More to the point, everything that is disclosed is receiving much greater scrutiny. Here, I am referring not to the legal review of the kind of detailed certifications required by the Sarbanes-Oxley Act. Rather, I am talking about exercises like The Globe and Mail’s league-table ranking of corporate governance practices. Whether or not you agree with every element of the newspaper’s methodology, the fact is that the data that went into its rankings has been available publicly for years. Only now, however, is it being collated and compared. And I would suggest to you that such public comparisons are generating tough questions and prompting action to improve governance far faster and more effectively than the tortuous process of drafting regulations that has engulfed the SEC since the passage of Sarbanes-Oxley.
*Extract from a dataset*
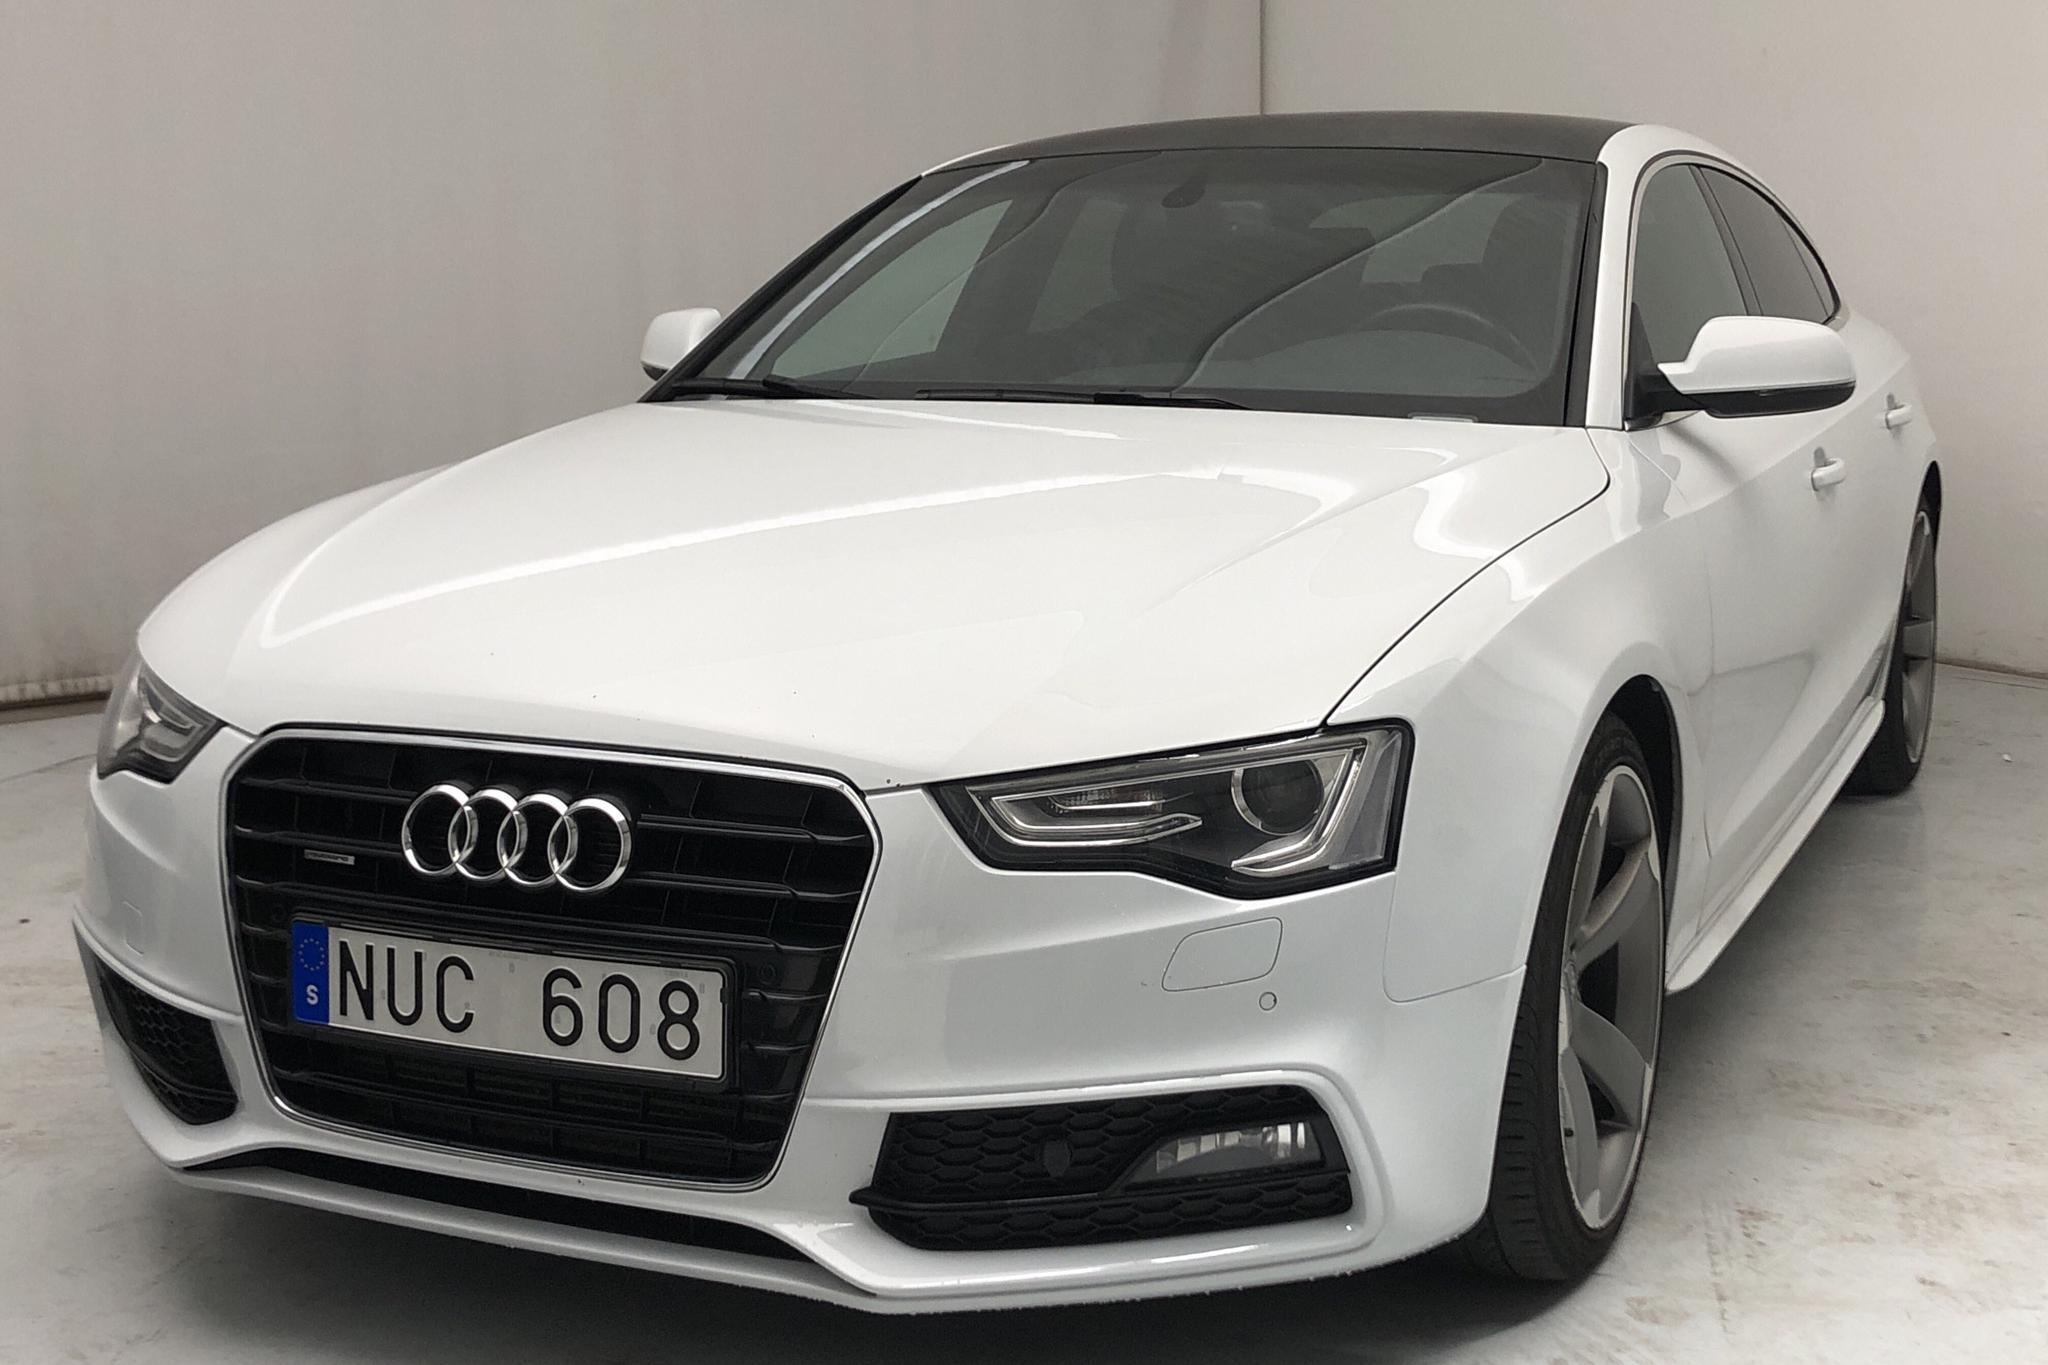 Audi A5 2.0 TFSI Sportback quattro (211hk) - 100 550 km - Automatic - white - 2012
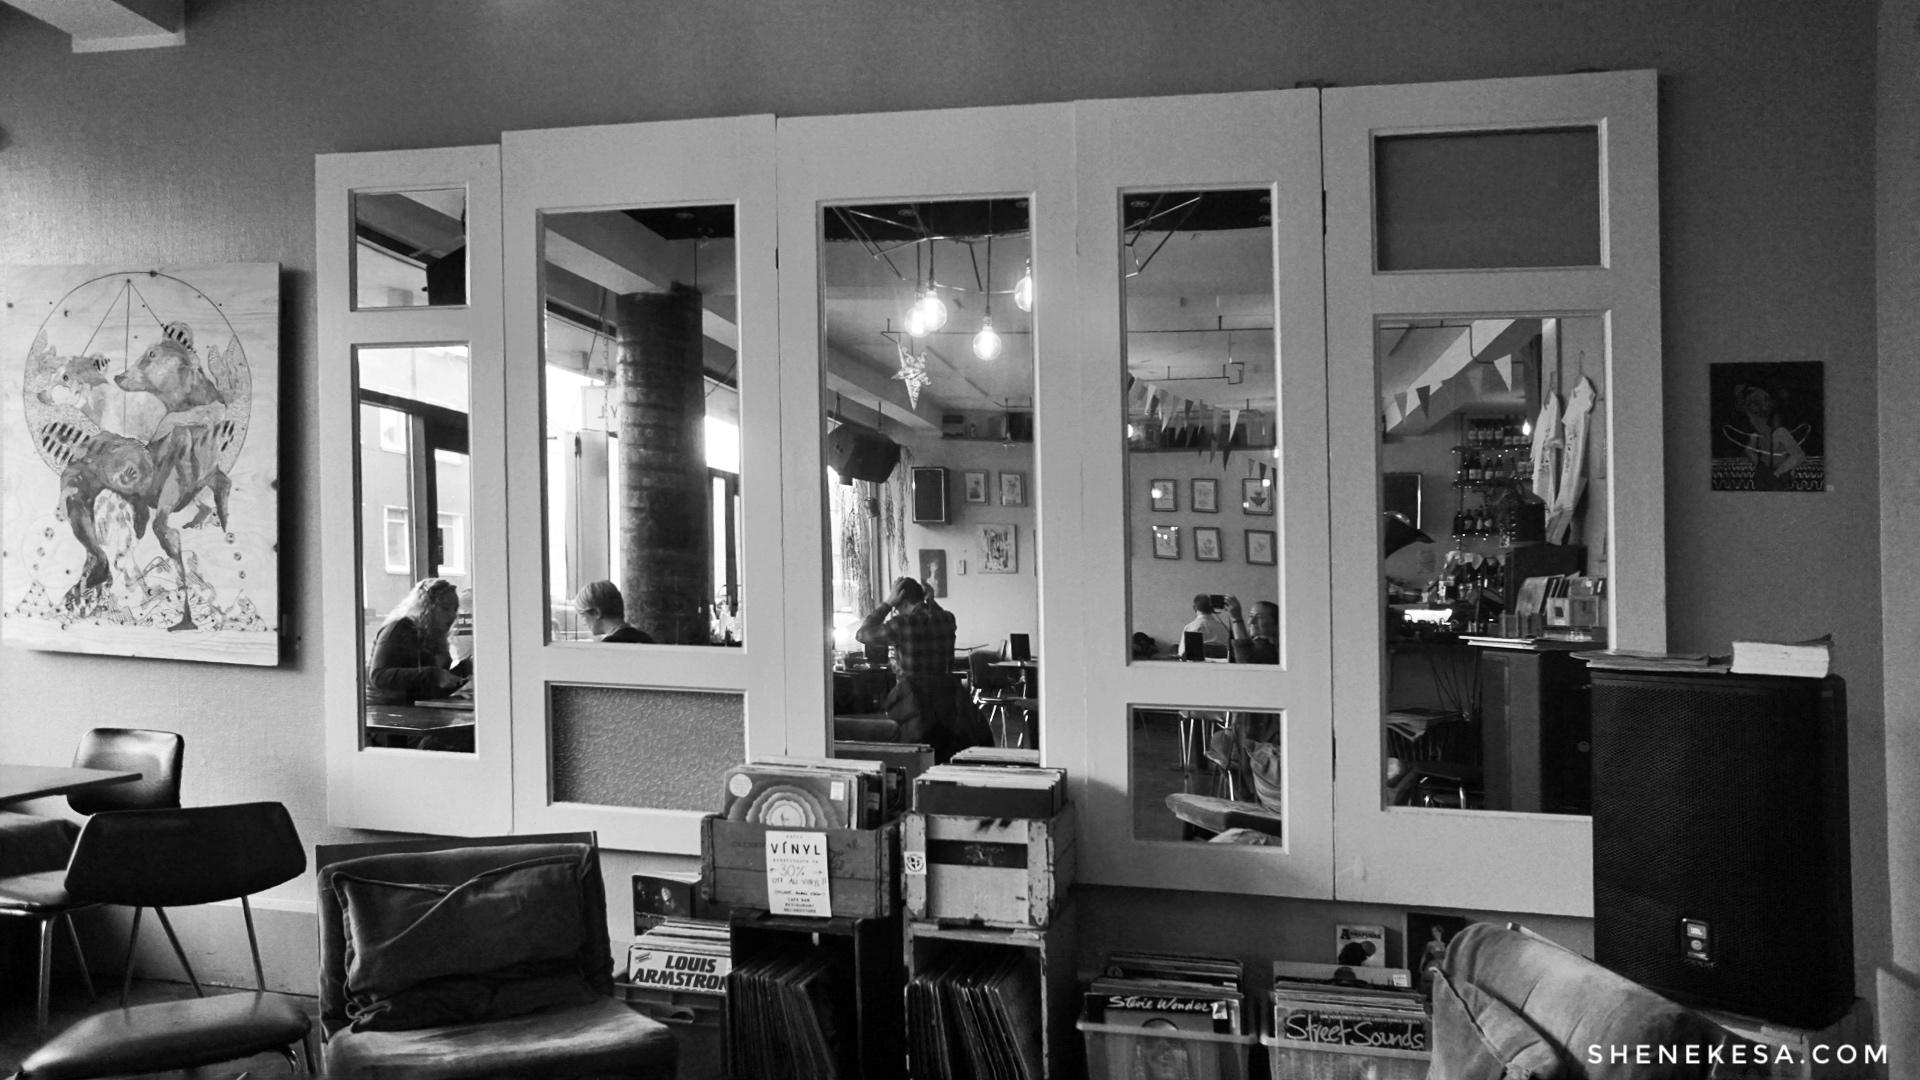 Kaffi Vínyl Reykjavik by She Nekesa

I was therefore delighted to hear that Ed Greenspon last night committed The Globe and Mail to continuing its ranking exercise in future years.
There is still plenty of room for improvement in Canadian governance practices — and indeed always will be as public and investor expectations rise over time. But I am seeing in Canada an emerging consensus that the right course for our country will continue to involve a sensible balance between rules and guidelines, one that acknowledges the importance of a sound legal base, but that also understands and takes advantage of the power of transparency and disclosure.
As Bank of Canada Governor David Dodge noted in a recent speech, the market has become very effective at rewarding companies that successfully maintain investor confidence and punishing those that have abused investor trust or are not sufficiently transparent.
While the Governor said he has been impressed by how seriously the private sector has responded to the challenges raised by the events of the past year, he too agreed that it is important both to continue working on these issues and to be seen working on them: "We live in a world where impressions matter and where capital markets are increasingly global. Canadian issuers will be judged not only against our own standards, but also against the worldwide standards for accounting, disclosure and governance."
I have heard similar sentiments expressed over the past week at the World Economic Forum in Davos where the overarching theme was building trust in private and public institutions and their leaders. One speaker summed up the new level of expectations among citizens world-wide on this issue. "Simply saying trust me no longer is acceptable", he said. "Now", he added, "you must show me." All of us who carry fiduciary responsibilities must continue to respond to this challenge, and I believe that we in Canada have a special role to play. If we are prepared to build on a strong record and aspire to ever higher standards in the practice of transparent and accountable governance, we can be the example to the world which in many of its parts is still struggling with concepts of governance in their most rudimentary form. This we must do. Based on what I have heard at this conference, I believe we are well on our way.